妙心寺(境内) | 散策日記Ⅰ

散策日記Ⅰ

美術館&博物館で開催された展覧会の記録、それにまつわる散策記です。

 JR花園駅から東へ歩いて徒歩5分。妙心寺に着きました。

 

 花園天皇が、1337年に離宮を改めて禅寺にし、大徳寺の開山大燈国師の法嗣である関山慧玄(せきやまえげん)を招いたのが、妙心寺の始まりです。

 

 三門は現在使われておらず、周辺に策が張られていました。

 

 仏殿には、蓮華をつまんだお釈迦様が祀られていました。お釈迦様はこの姿で弟子たちの前に現れ、弟子たちは皆茫然としていましたが、一人だけにっこりと笑った者がいて、その者に蓮華の花をあげた、という話があります。この話から「拈華微笑(ねんげみしょう)。仏教の真理が無言で伝わる事。」という四字熟語が生まれました。

 

 大方丈は檀家の祖先を祀り供養を行ったり、説教や講演を聞いたり、会合を行う場所です。

 

  中庭には、縁起担ぎ・厄除け・魔除けのため、盛り塩がされていました。

 

  法堂で講義や儀式を行う時、控室として使われる寝堂。

 

 

 寝堂の向かい側に法堂があります。

 

 法堂の天井画は狩野探幽作の雲龍図です。天井画は地上で天井板に下絵を描き、その後足場を組んで塗り、完成まで8年かかったと言われています。

 建物の中心に龍の眼があり、眼を見つめながら一巡すると、見る角度によって龍の動きや表情が変わるため、「八方睨みの龍」と呼ばれています。

 

 国宝の妙心寺鐘は、50年前まで鐘楼に吊るされていましたが、保護のため法堂に移されました。

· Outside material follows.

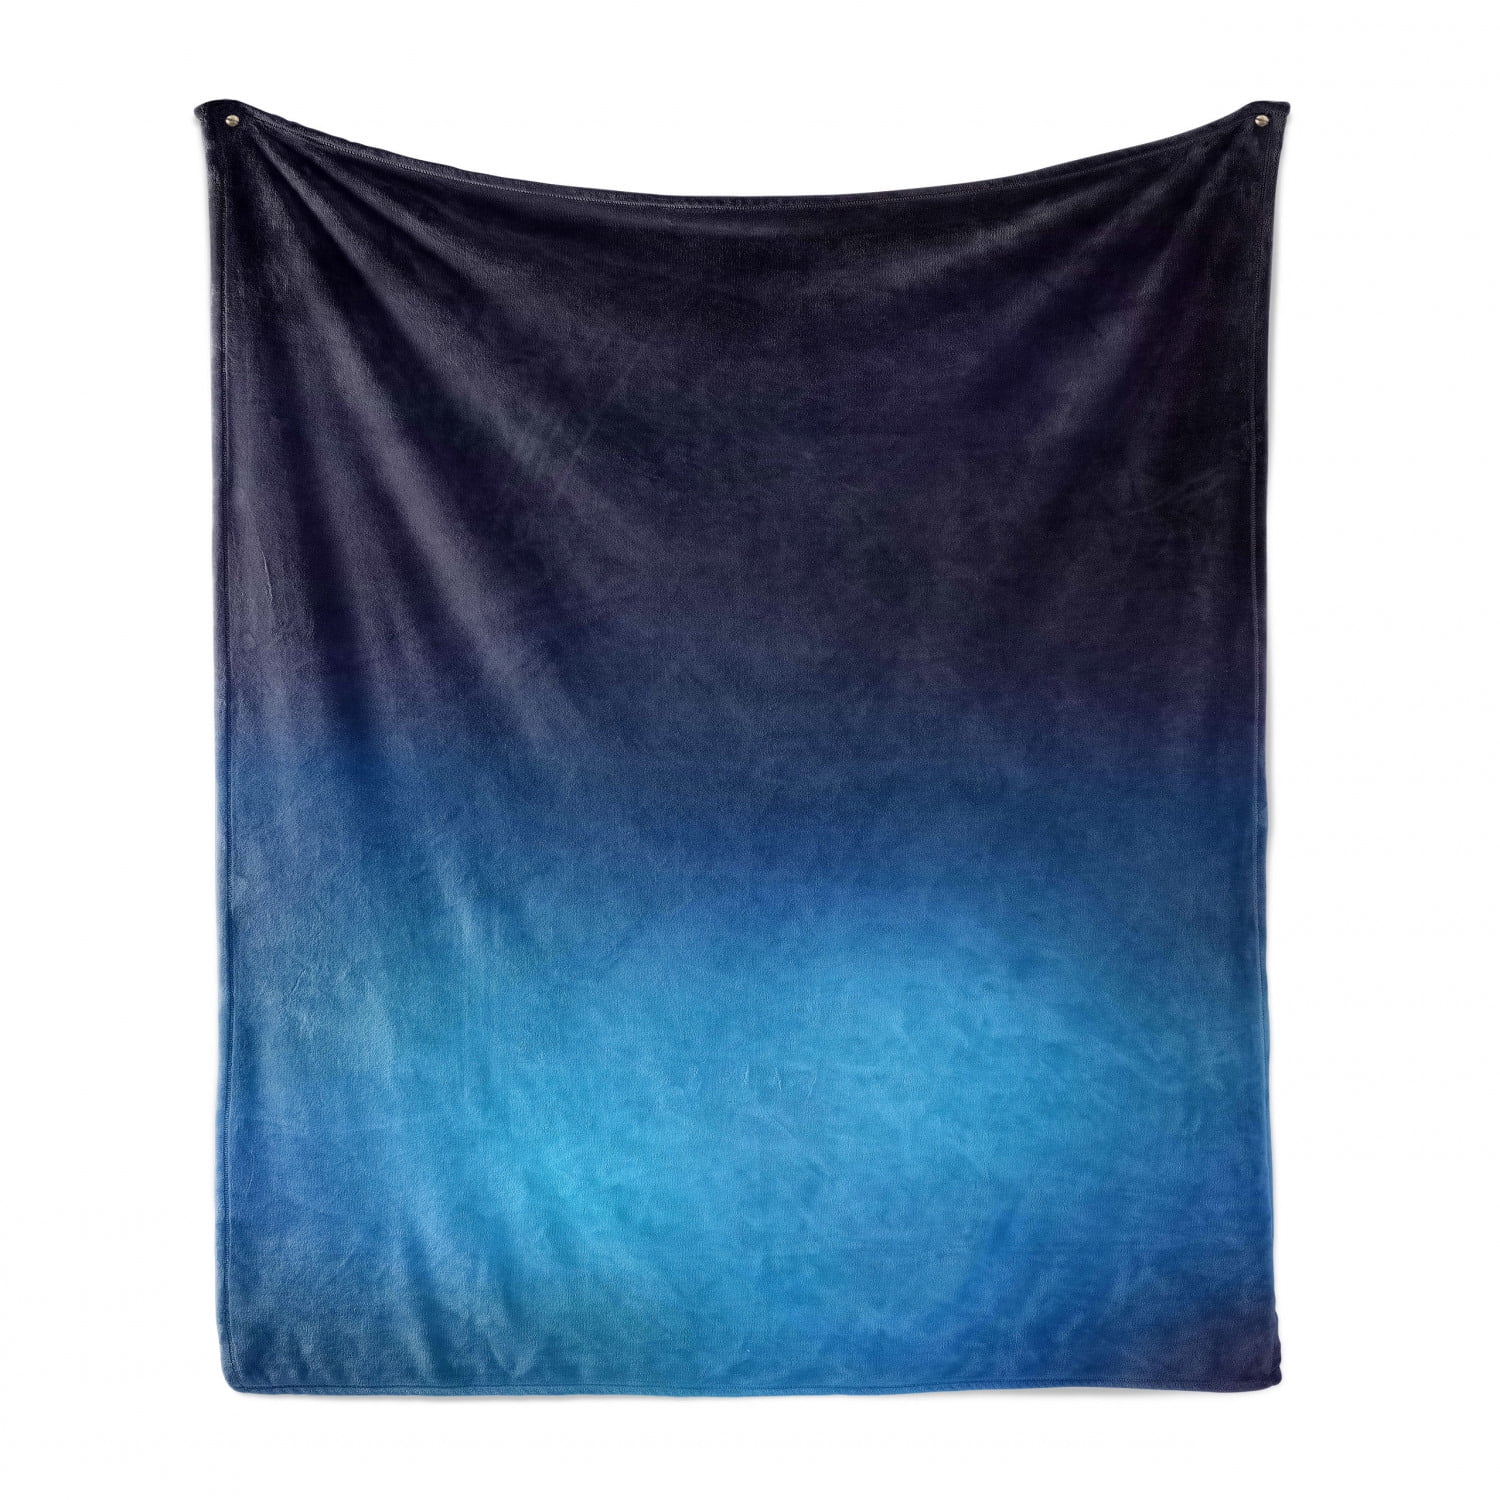 Ombre Style Deep Sea Ocean Underwater Themed Digital Colored Graphic Design Art Print Dark Blue 50 x 70 Ambesonne Navy Soft Flannel Fleece Throw Blanket Cozy Plush for Indoor and Outdoor Use

 698年に造られた日本最古の鐘で、吉田兼好の徒然草には、「黄鐘調(おうしきちょう)の音」と記されています。黄鐘調とは430Hzの「ラ」を主音とする雅楽の調のことです。CDで聞いた音は、とても低く鈍い音でした。

 

 浴室は、1587年に密宗和尚が明智光秀の菩提を弔うために創建したもので、「明智風呂」と呼ばれ、昭和初期まで使われていました。風呂は蒸風呂で、簀子板敷の隙間から蒸気を出していたそうです。僧が薄い布を着て入浴した事から「浴衣」という言葉が生まれました。

 

 経堂には大量の経典が保管されています。浴衣を着て入浴したため、体を乾かしている間も経典を読み、勉強していたそうです。